Does the Minister agree that, in order to learn outside the classroom, pupils do not need to go miles and miles away? West Byfleet Junior School in my constituency has a tiny patch of woodland in the corner of its site. It has turned it into the Willows forest school—children follow a forest school curriculum during the course of a year. It is like going into another world. The school itself is only 50 or 100 yards away, but it is a magical place where younger children can explore nature, animals, bugs and science.
My hon. Friend is absolutely right. There is so much opportunity out there for children if they are given the permission to experience it. Someone who lives in the countryside and is surrounded by fields of cows might learn where milk comes from, but there are also city farms—there is one just down the road in Vauxhall—as well as forest schools. When I was training for the marathon in Delamere forest near where I live, I passed a forest school for early years—two to five-year-olds—run by the Forestry Commission. There are lots of ways into the subject, but we need to give children the chance, rather than making them feel that they have to stick with the classroom for all of their learning experience.
As the hon.

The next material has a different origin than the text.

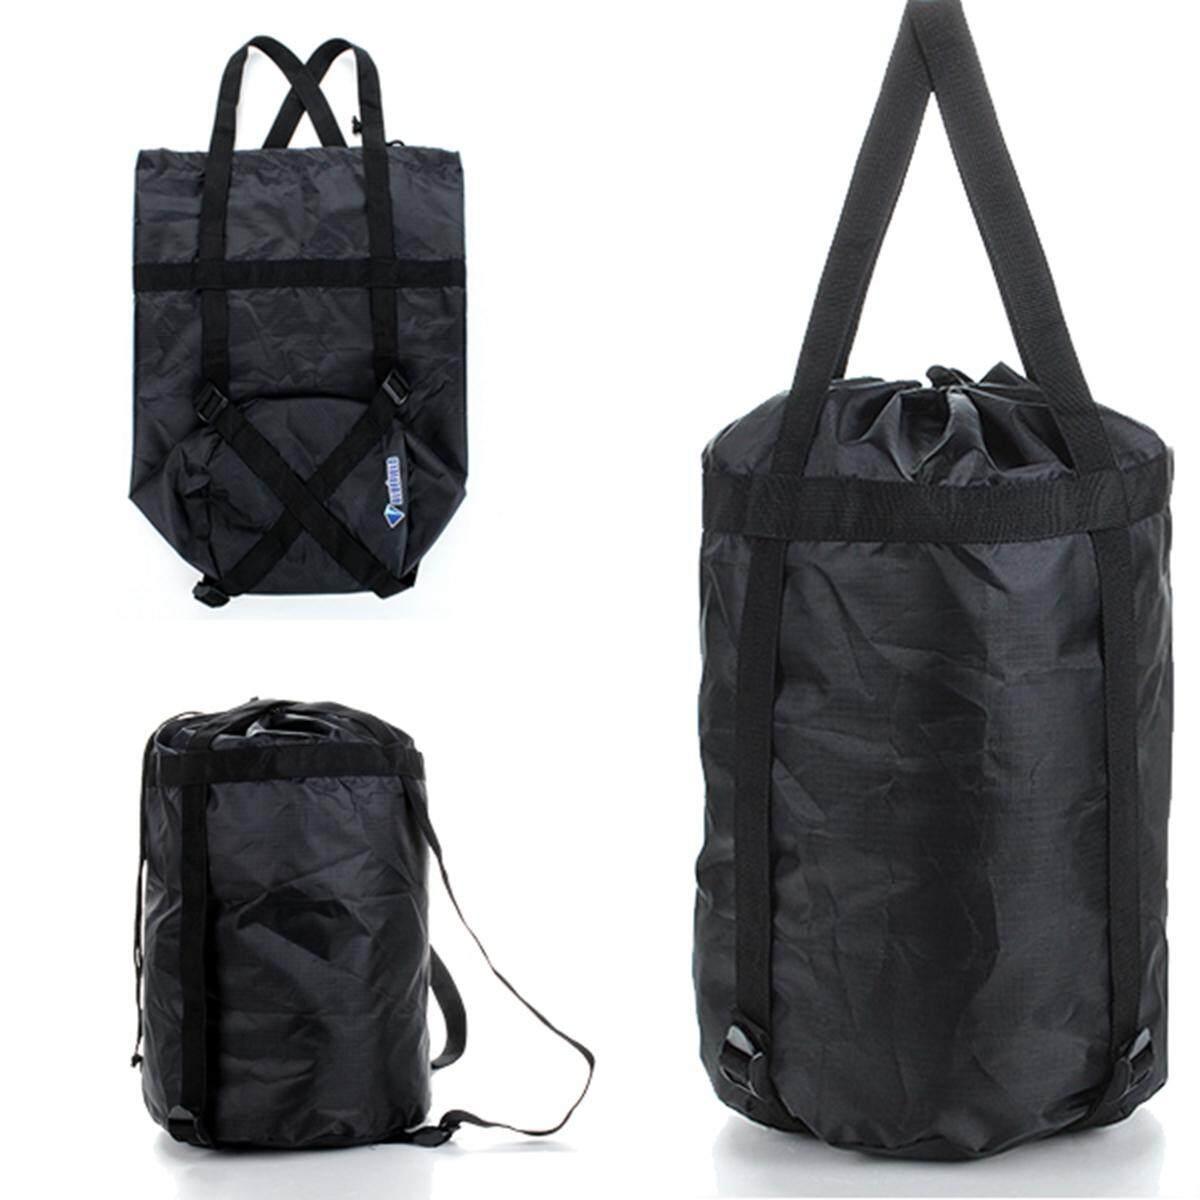 Hình ảnh Large Lightweight Waterproof Outdoor Camping Sleeping Compression Bag Stuff Bag

Member for Huddersfield said, seeing original paintings, sculptures and historical artefacts in art galleries and museums is a very different experience from seeing printed images. Attending a live concert can enhance pupils’ understanding and enjoyment of music. Seeing a live performance of a Shakespeare play or—dare I say?—a recital of a John Clare poem, which the hon. Gentleman is clearly taken with, can provide pupils with different insights from studying a play or a poem on paper. We have recently updated the subject content for GCSE drama and A-level theatre studies to try to reflect that, and to ensure that students study those subjects with an entitlement to experience live theatre. I am not sure whether the House of Commons would qualify in that regard, but it is an important step forward.
A key element the hon. Gentleman raised was how disadvantaged children can get that equal opportunity of experience outside the classroom. I think back to one of the first children my family fostered. He was four or five years old and we took him on a holiday to north Wales. As we came over the brow of a hill and he saw the Irish sea for the first time, he looked at it and said, “Is that a big puddle?” He had never seen the sea before and did not know what it was. That is the challenge. Yes, we have free museums and we make sure that teachers feel equipped and confident to use learning outside as an important life-skill approach to enhancing learning, but the challenge is to ensure that no child gets left behind when we provide that opportunity.
That is why we support a museums and schools programme to deliver high-quality opportunities for all school pupils to visit museums that are linked to the national curriculum and support classroom learning. Last year, 72,870 pupils from 1,215 schools took part in that programme, including at the Barnsley Museum, the Great Yarmouth museum, SS Great Britain and many others. The £6 million for the programme since 2012 will be supplemented by a further £1.2 million over the next financial year. We are expanding the National Citizen Service for 16 and 17-year-olds.